新しい日銀に求められることは、中央銀行としてできる限りのことをするということだろう。その場合、通貨の信認を守るという絶対的な使命があることは当然過ぎて言うまでもない。その中で、知恵をだし、汗をかき、市場との間で蝶々の駆け引きをやれということ。要はFRBのバーナンキやECBのドラギに負けるなということである。

日本はようやくリーマンショック前を回復したというのに、NYダウは早々と史上最高値を更新した。欧州にしても南欧諸国の問題を抱えながらも、一時期の危機感は大きく後退し最高値を虎視眈々とうかがっている。それに比べ日銀はいったい何をやっているのだという思いが極まっていたのがリフレ派だろう。それに対し、反リフレ派は金融政策万能論のような浮足立った風潮が広がることが気に入らないようだ。

しかし、日銀が中央銀行としての独立性を守り、独自のやり方でいままで以上にできることは何でもやるということであるならば、あんまり目くじらを立てるほどのものでもないはずである。結局、非伝統的金融政策、無制限の金融緩和、前例のない金融緩和といろいろいうけれど、やろうとしていることは、買い入れ対象資産を増やして日銀のバランスシートをさらに膨らませるということにほかならない。それが通貨の信認を守るという範囲でどこまでが適正なのかが前もってわからないということが悩ましい問題なのである。それに答えがないから、反リフレ派は必要以上に神経をとがらせる。ましてや、物価上昇を目標にすることが、際限のないバランスシート拡大につながるのではないかと懸念する。ある閾値を超えるとインフレがコントロールできなくなると主張する。現実にはこれまでも買い入れを増やしてきたわけであり、これまではよかったが、これからはいけないというわけでもなかろう。ただ、その限界がどこにあるのかがわからないから怖いのである。

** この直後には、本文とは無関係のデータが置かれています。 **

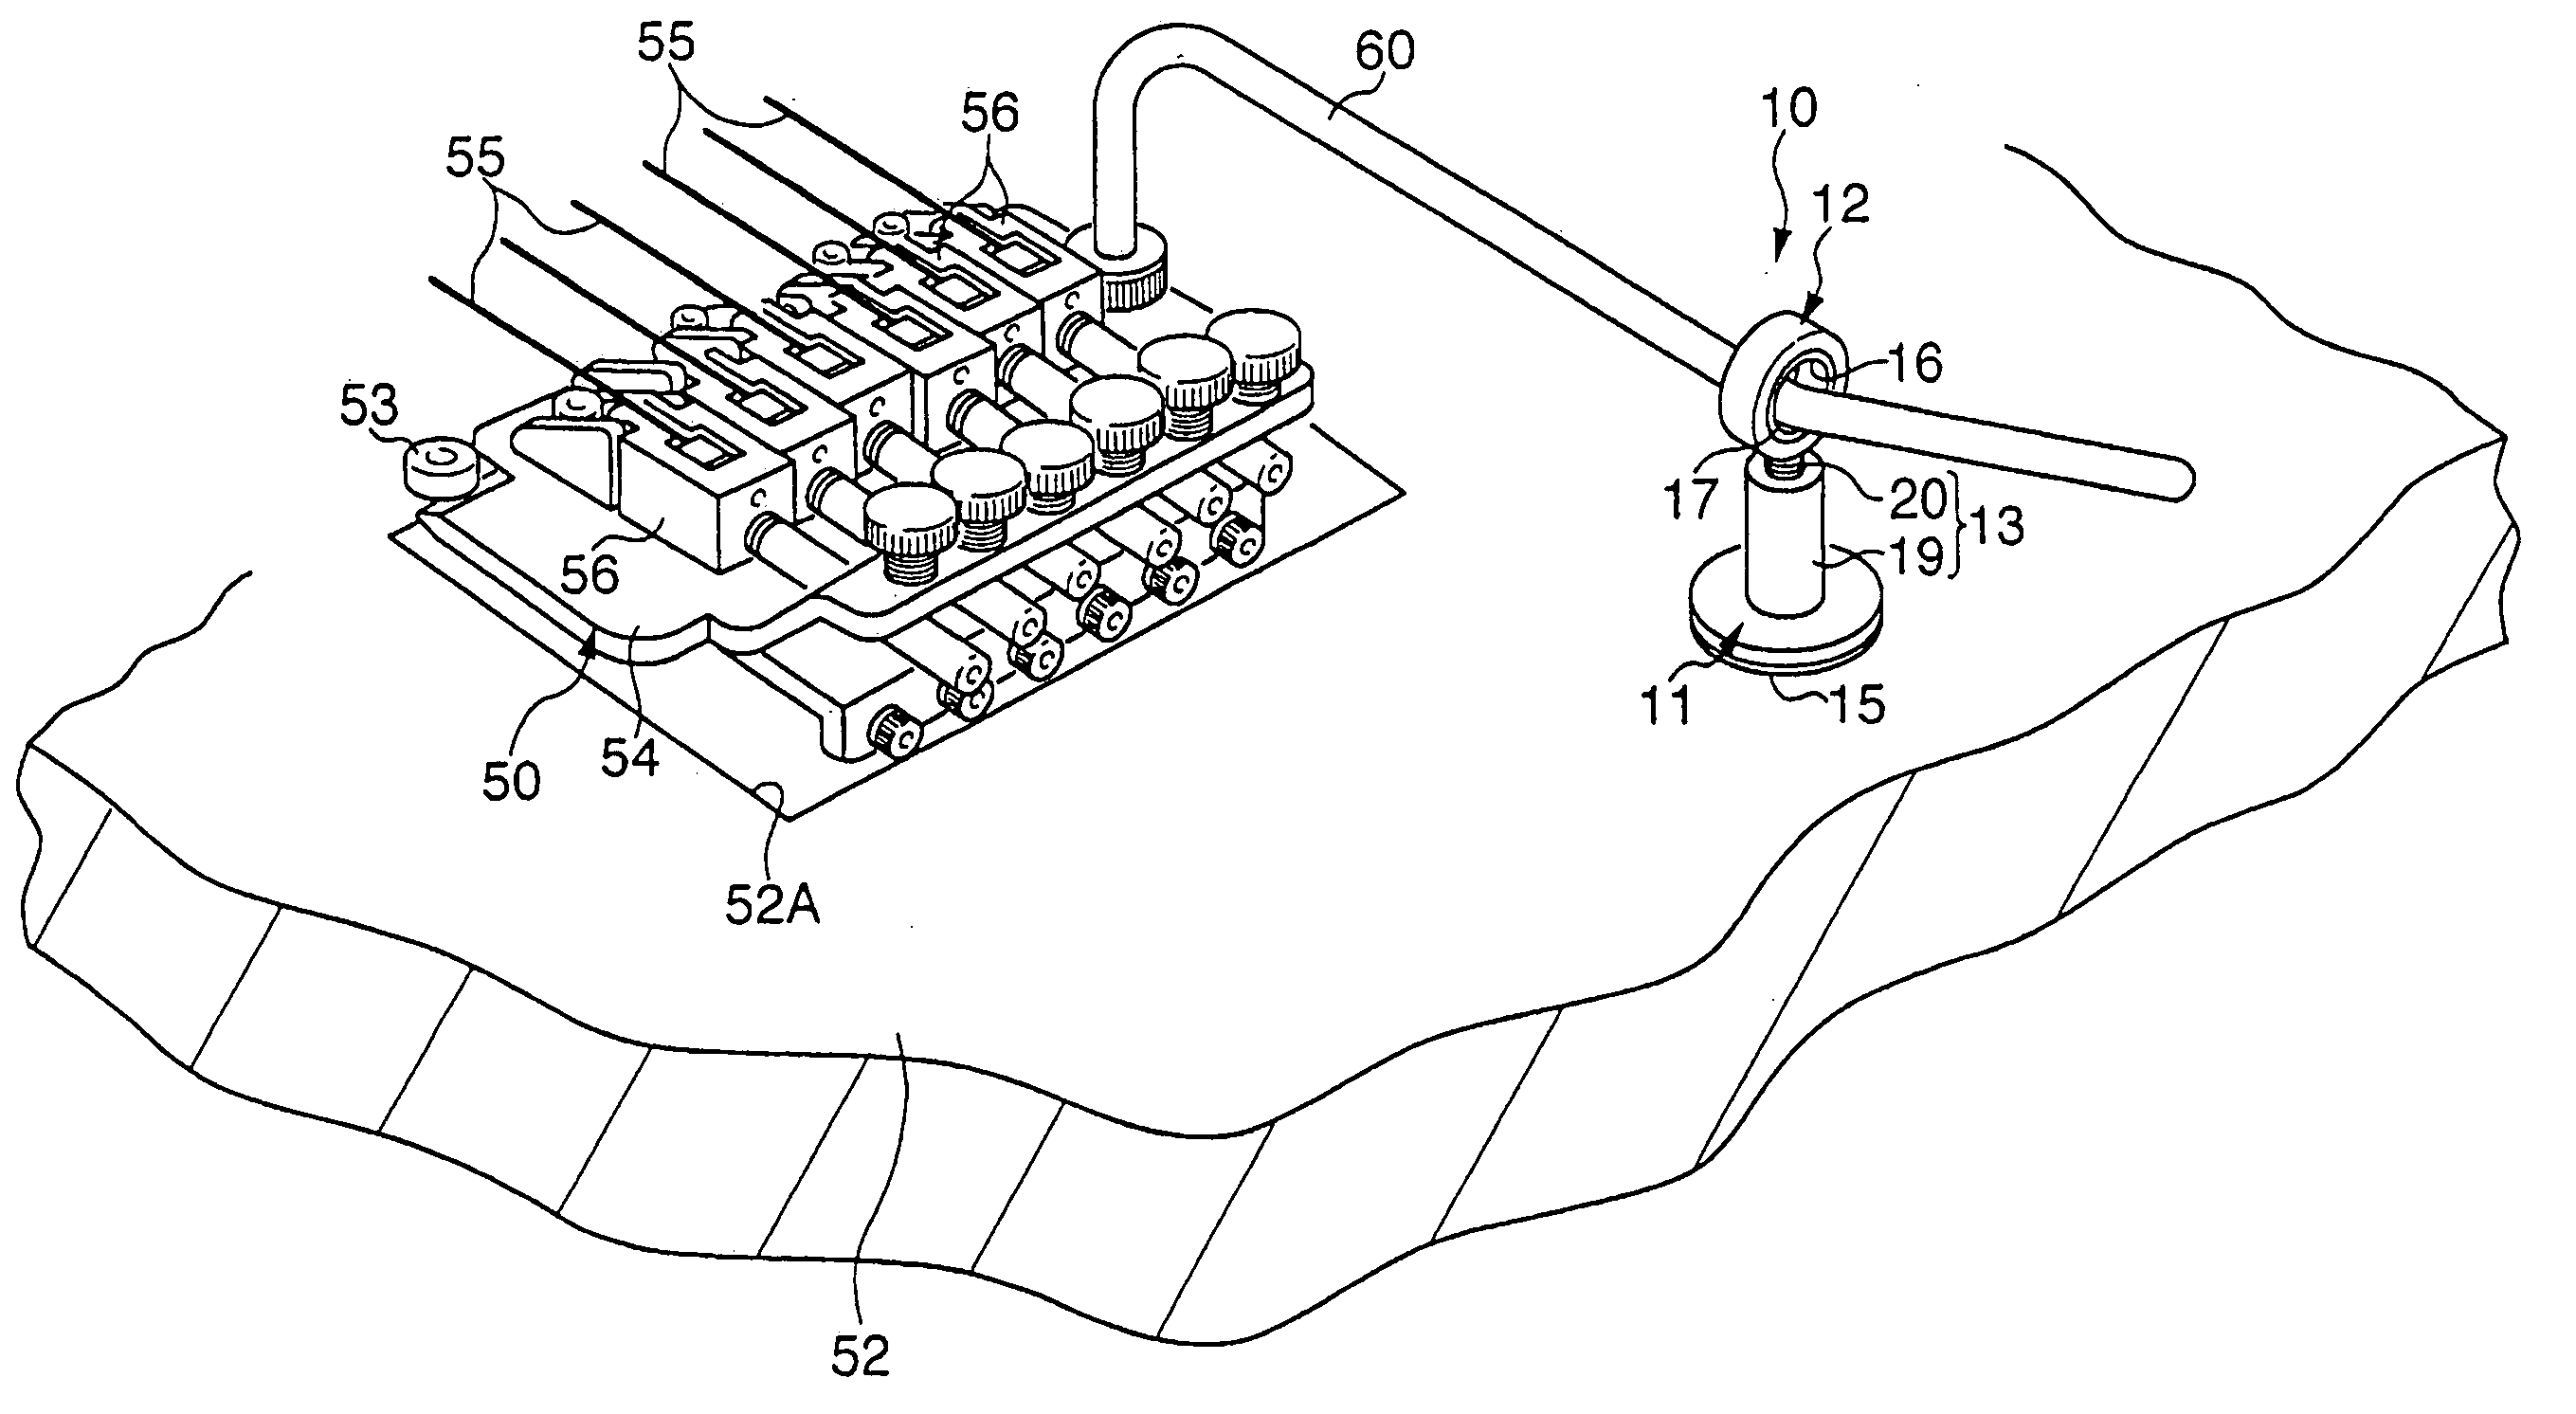 String replacement assistance apparatus

しかし一方で、その限界に最初から言及してしまうと出る効果も半減してしまうというのが良識的なリフレ派の考えなのだろう。その辺の阿吽の呼吸が通じ合っているのであれば、あんまり金融政策論議を周りでああだこうだいうことは杞憂なのかもしれない。しばらく休戦してみてはどうか。

ところで、NYダウの史上最高値更新は何を意味するのであろうか。FRBの大胆な金融緩和で援護射撃をする間に、アメリカの持つ潜在力が動き始めた結果といえそうだ。好調な企業業績に支えられていることは間違いないが、雇用情勢や末端経済との間に存在するギャップは少し気になる。

果たして日本のもつ潜在力は何か。伸ばすべきものは何か。成長戦略・TPP参加というのが叫ばれているが、人口減という大きなハンディキャップを十分に補ったうえで潜在力に働きかけることができるのであろうか。日本最強論者たちが口をそろえて世界一だと強調する、日本国債を十分吸収できるほど潤沢にある民間貯蓄とこれまでに貯めてきた対外純資産、この二つをもう少し具体的に活用する方法が今こそ必要なのではなかろうか。特に高齢者にかたよっている金融資産をどう生かすかが大きなカギを握っているのではなかろうか。これこそ大いに議論したい。